As an example, if you damage central neurological pathways that move the eyes to the left, the eyes will deviate to the right. These pathways can be from the frontal lobe, the cerebellum, the brainstem, the vestibular system, and several other structures, either alone or in combination. When your eyes are deviated to the right, the brain will engage a reflex that turns your head to the left in order to see straight ahead. It does this by contracting muscles at the base of your skull. These can become chronically tight and painful, and often promote headaches.

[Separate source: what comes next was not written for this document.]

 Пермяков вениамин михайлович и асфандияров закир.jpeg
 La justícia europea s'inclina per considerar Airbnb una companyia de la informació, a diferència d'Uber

Your brain doesn’t care if doing this creates headaches, it just wants to make sure that you can see where the world is so you can engage with it properly. A therapist may determine that the tight muscles are the source of your headaches, and use a number of techniques, modalities and exercises to reduce the muscle tension. This may help the headaches and neck pain. Unfortunately, the brain needs this muscle tone to compensate for the impaired visual reflexes, and the therapy takes the compensation away. This may reduce the headache, but it will usually come back shortly after treatment. More importantly, taking the compensation away makes it harder for the brain to determine where it is in space, and it thus takes longer for the brain to heal and stabilize.
Our solutions involve determining the exact regions of the brain that are creating the impaired reflex compensations, and designing specific programs to rehabilitate these before engaging in structural therapies. In this way we can greatly shorten the time necessary for your system to heal. We address the root cause to get you better faster, with less effort and fewer symptoms along the way.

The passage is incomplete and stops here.